Dr. Ngan F. Huang Co-Authors Research Study on
Career Advancement for Women in Academia

by Stanford CT Surgery Marketing Team
July 30, 2024

Ngan Huang, PhD, is an associate professor in the Department of Cardiothoracic Surgery at Stanford Medicine with an active research portfolio and a huge promoter of women’s advancement and an advocate of diversity, equity, and inclusion. It is why she helps lead regenerative medicine and STEM conferences to introduce underrepresented students to these careers, and why she is on her department’s diversity committee. 

Dr. Huang has also spent the last four years serving on the Women’s Leadership Committee of the Arteriosclerosis, Thrombosis, and Vascular Biology (ATVB) Council of the American Heart Association. The ATVB has one of the oldest and most active women’s leadership components among scientific organizations.

Dr. Huang and several other authors celebrated the publication of an important research paper on institutional support for career advancement for women faculty in science and academic medicine this July. “It has been exciting to be a part of this research project, where the goal was to find useful information for dissemination that could help people consider and improve women’s advancement at their academic institutions,” Dr. Huang says.

The paper acknowledges that there has been some improvement over the years at academic research institutions in gender disparities, including improved representation, access to resources, and some gender bias. Yet, it also found ongoing disparities.
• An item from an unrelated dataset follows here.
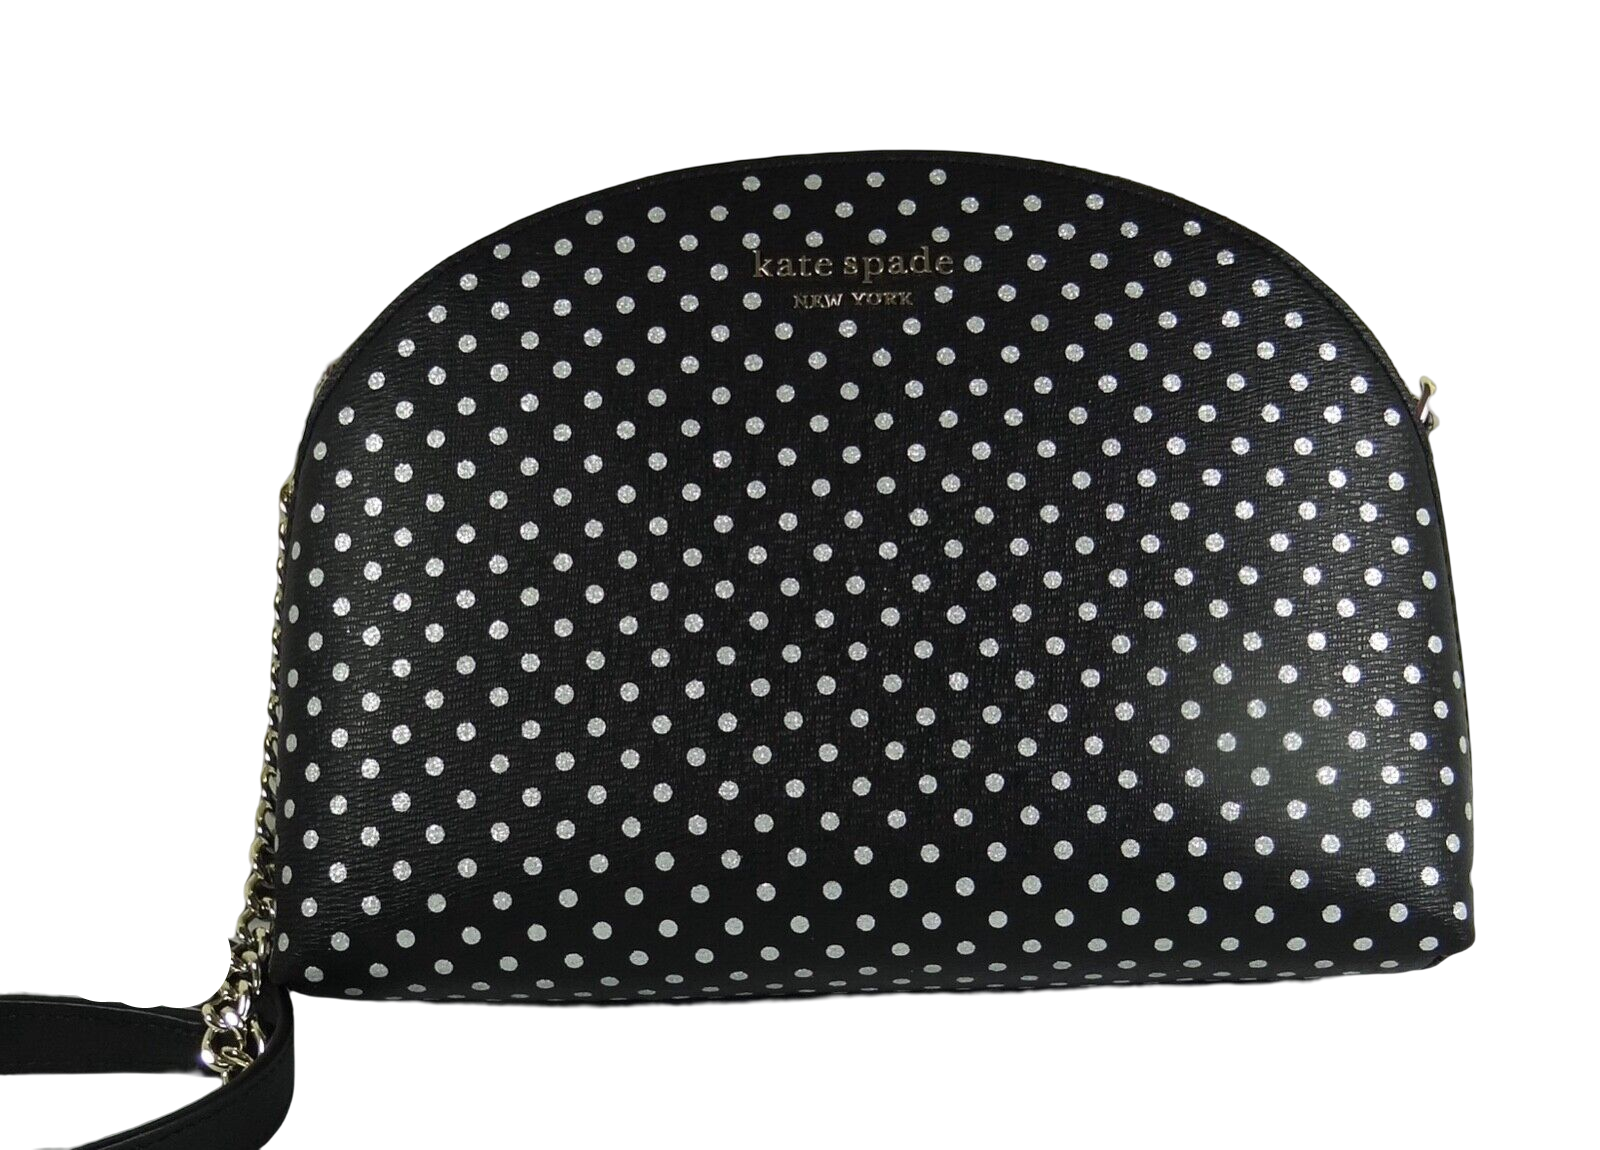 New Kate Spade Small Dome Crossbody Smooth PVC Purse Handbag

The ATVB Women’s Leadership Committee interviewed key leaders of 12 academic institutions about their workplace’s status of women’s advancement. The paper identifies unique challenges women faculty face and strategies leaders use to promote advancement. The hope is that the article will serve as a catalyst for positive change that might include more robust support systems for women and policies to help women advance at academic institutions.

“When you cast common gender disparity issues in the academia light, they become more nuanced. For example, what does initiating better work-life integration and flex work hours look like in academia? Or how do we gain more transparency around pay differences?” Dr. Huang says.

Dr. Huang and Patricia Nguyen, MD, associate professor in cardiovascular medicine at Stanford, who is also on the ATVB Women’s Leadership Committee, interviewed Joseph Woo, MD, professor and chair of cardiothoracic surgery, as one of the featured leaders.

“We were excited to include him because he has made such remarkable progress toward the advancement of women in Stanford’s Cardiothoracic Surgery department. Before he started, seeing females in our department was rare. Nowadays, we have enough for a cohort to get together to network and receive social support,” Dr. Huang says.

The department’s faculty is a notable 23% women versus the national average of 8.3%, according to an Association of American Medical Colleges Physician Specialty Data Report in 2021. Undoubtedly, women at the senior leadership level drive positive changes to support women faculty.

The research study provides data on ten institutions, breaking down four areas of women advancement strategies, including community fostering, workshops and trainings, work-life integration, and culture and transparency. It then rates where each institution lands with implementation or planning of these strategies. The majority have gender-inclusive policies and bias-free evaluation processes, yet pay equity initiatives are not as prevalent.

“Something unexpected we found is that a lot of institutions are doing certain things well, like specific programs for gender equity, or coaching opportunities, but there is no one size fits all method, no magic algorithm,” Dr. Huang says.

The article includes a section that gives success stories, where leaders share their methods to advance women at their institutions. The next task for the ATVB is creating a toolkit to help others nationally and internationally implement effective strategies for women’s advancement.